Other parameters to take into consideration are the number of epochs, batch size, the amount of frozen layers, and the optimizer. Table 4 shows the values used for training:

Table 4. Mobile chess detection training parameters

Parameter	Values
Number of epochs	500
Batch size	8
Freeze layers	0.10
Optimizer	SGD

YOLOv5s

Initially, we tested different values for the epochs, starting with 100, but noticed that higher epochs resulted in better performances, being around 300 where the losses started stabilizing. This can be seen in Figure 9. We noticed that 500 epochs were enough for training, but we selected the best model for inference detection that was not necessarily the last epoch model.

On the other hand, the model is composed of two parts: the backbone and the head layers. Since the backbone layers work as feature extractors and the head layers as output predictors, we decided to test freezing backbone network layers (avoid re-training them) to determine if it helped with the final results. The backbone consists of 10 layers, so we ran the experiments without freezing any layer and freezing the 10 layers of the backbone.

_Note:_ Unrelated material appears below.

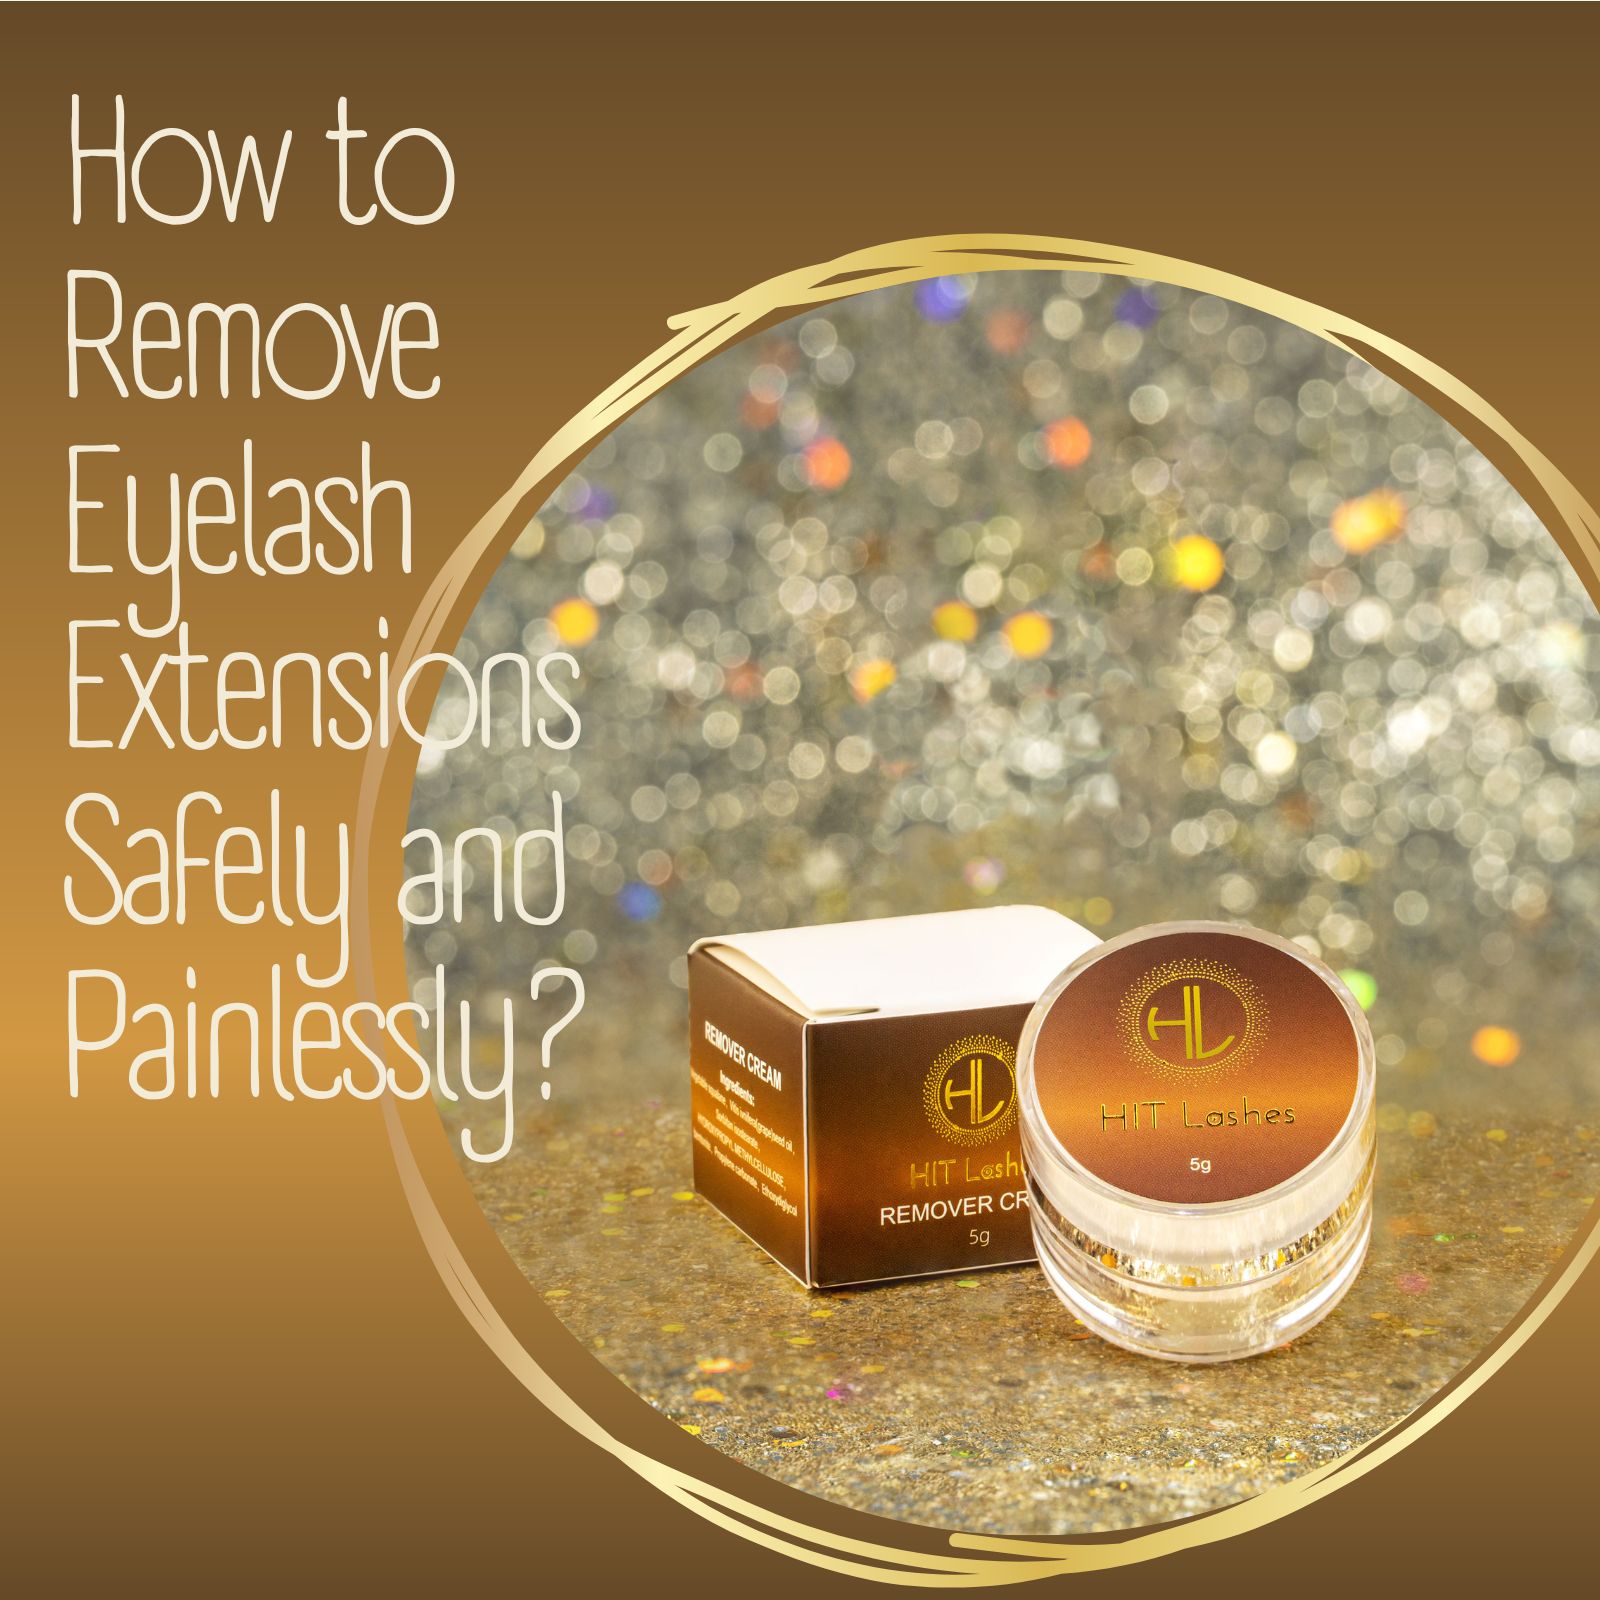 How to Remove Eyelash Extensions Safely and Painlessly

The selected optimizer was the YOLOv5 default Stochastic Gradient Descent (SGD) with a batch size of 8.

A 3 by 3 mosaic of learning curves for Yolov5s. The loss at the top plateaus at around 100epocs. The accuracy at the bottom plateaus almost at one around 100 epocs. — Figure 9. Result metrics over 700 epochs for YOLOv5s

In Figure 10 you can see a comparison of the results between freezing and not freezing backbone layers for the YOLOv5s model. As you can see, the classifier loss takes more epochs to stabilize for the experiment that freezes the backbone, however, the final results are similar. Using the best model, the experiment without freeze obtained an F1 score of 0.987 for the validation and 0.809 for the test, while the case with backbone freeze obtained an F1 score of 0.966 for validation and 0.801 for the test. The main difference is a 0.02 in the F1 score for the validation dataset and both perform worse in the test dataset.

A 3 by 3 mosaic of learning curves for Yolov5s. The plots show curves for the experiments with and without weight freezing. There's not much difference between them. The loss at the top plateaus at around 100epocs. The accuracy at the bottom plateaus almost at one around 100 epocs. — Figure 10. Result metrics comparison between freeze 0 and freeze 10 for training over 500 epochs for YOLOv5s

On the other hand, Figures 11 and 12 show the confusion matrix for validation and test datasets, respectively, for the experiment with no freezing. Both datasets accomplish a clear diagonal, meaning that most of the detections are correct, as we can expect with the F1 scores presented, the validation results have few outliers while the test results have more.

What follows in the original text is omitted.